Recently, President Bush and the Environmental Protection Agency (EPA) seemingly put to rest the tremendous concerns of the lending and real estate communities, when it eased the liability of banks for pollution caused by businesses to which they loaned money. The April ruling finally accomplished what Congress had been attempting, but failed to do for the past two years through bills in both the Senate and the House of Representatives.

Commercial property owners have also seen hints at similar forms of relief on the regional level. For example, there have been major efforts during the past six months to revamp New Jersey's Environmental Cleanup Responsibility Act (ECRA), which has been viewed as a major stumbling block to urban investment. The state's Senate Environment Committee has held several hearings during the first half of this year on exactly this topic, and Governor Jim Florio has announced his intentions to enact major changes.

This is indeed good news to an industry that has been suffering through a sluggish economy, as well as through the inequities of many regulatory acts. However, property owners should not be too quick to view such government moves as an easing of environmental liability under state or federal statutes.

Despite the flurry of regulatory activity that may, at first glance, appear to the contrary, environmental compliance stipulations are not losing their teeth or importance. If the real estate community has learned anything during the course of the past 12 years, since the introduction of the Comprehensive Environmental Response Compensation and Liability Act (CERCLA), it has come to understand that pollution liability and environmental responsibility are now facts of life.

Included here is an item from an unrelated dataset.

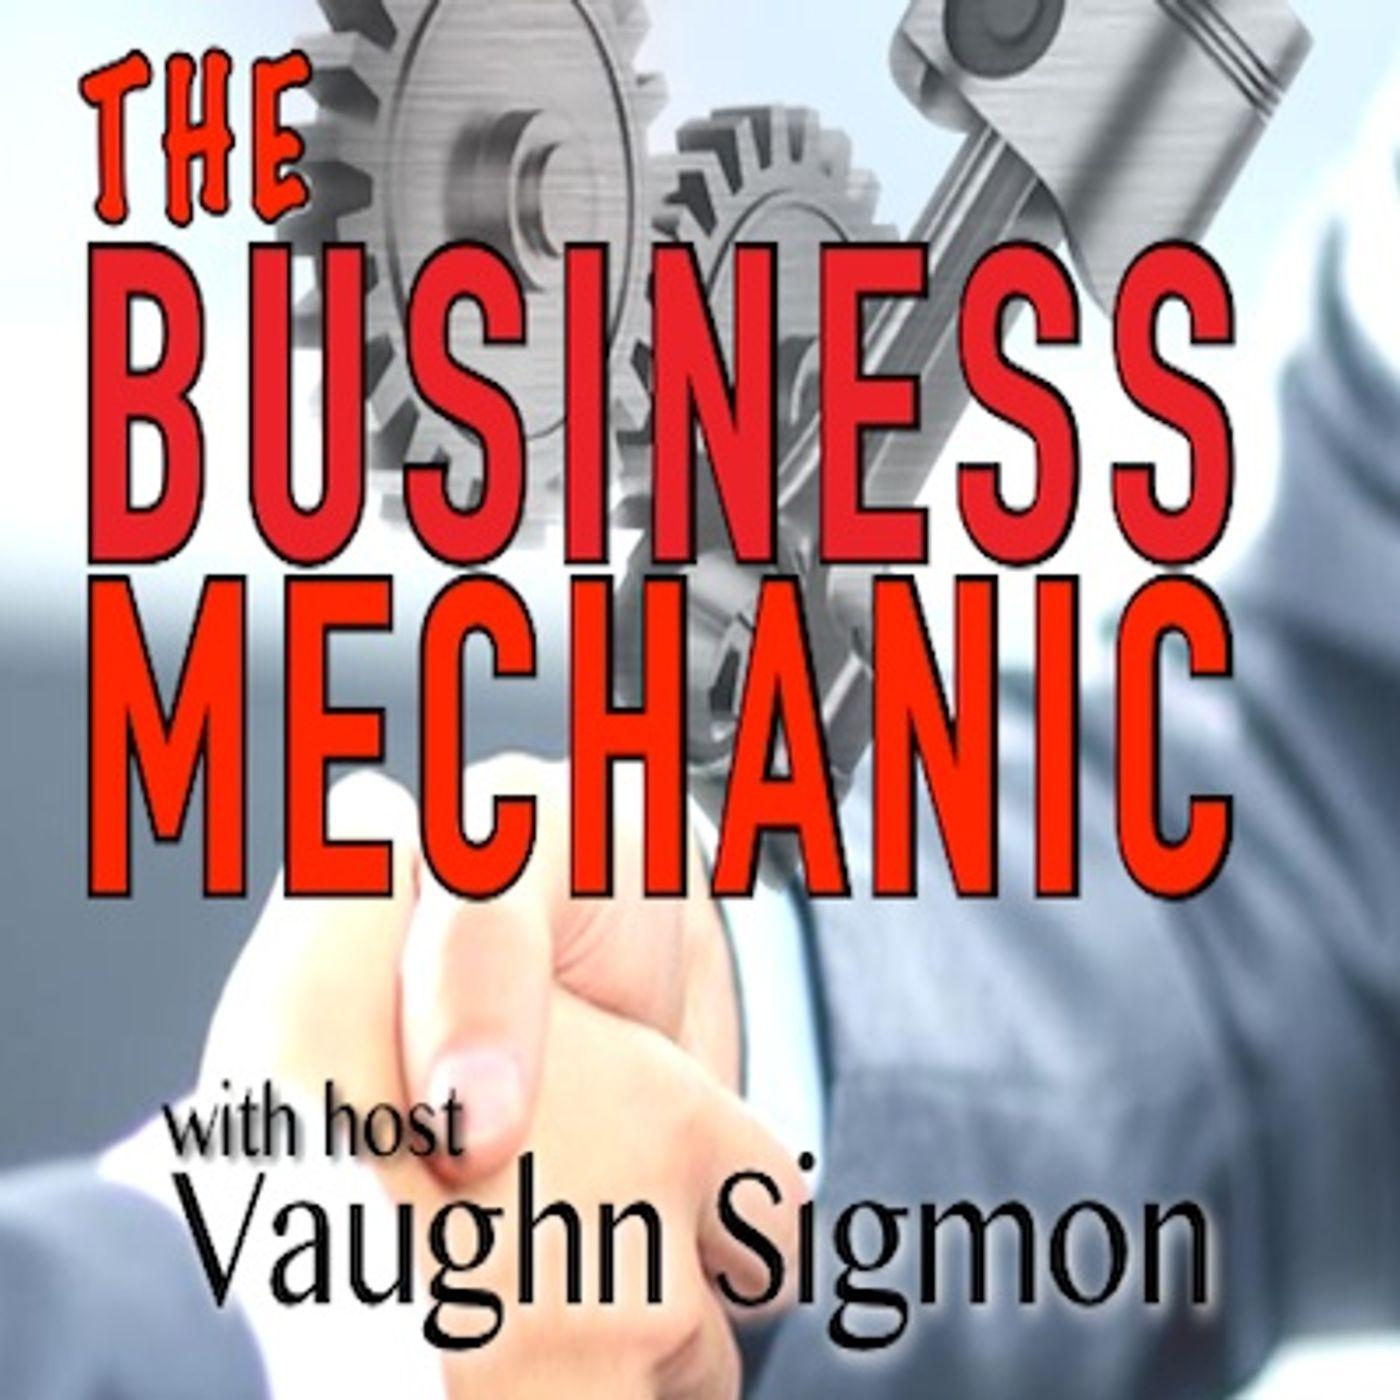 The Business Mechanic Show 75

With regard to the recent lender ruling, it is important to understand that this act is only an attempt to correct inequities under existing regulations and is not a broad stroke undercutting environmental legislation. The EPA has simply restored exemptions for lenders that were previously determined to be ambiguous under CERCLA, and which were challenged in such cases as U.S. vs. Fleet Factor Corporation.

This move also provides protection for banks who acquired polluted properties because the original owners went bankrupt or defaulted on loans. It protects them from being held jointly liable for pollution cleanups, when they had no management in the operation of the business involved, aside from a financial investment. It does not reduce the liability for the remainder of the real estate community, nor does it mean that financial institutions will now begin to ease their own due diligence criteria when underwriting loans to developers or property owners.

Area property owners still face broad liabilities under CERCLA, also known as Superfund. If anything, the EPA's lender action may broaden the liability faced by the remainder of the real estate community the place further pressure on property owners to tighten due diligence programs with regard to the environment. Since regulators are going to continue to focus on offsetting the costs of cleanup from the taxpayer, they will continue to seek out those with the deep pockets and the ability to pay. With financial institutions no longer the primary focus, these efforts will now concentrate on others.

This is also true with regard to regional regulations. It is important for the industry to view regulatory changes as merely a tightening up of environmental stipulation and an attempt to clear up the inequities. Although many view ECRA in New Jersey as the primary block in property transfers within the state's urban areas, it would be unrealistic to anticipate or expect its repeal.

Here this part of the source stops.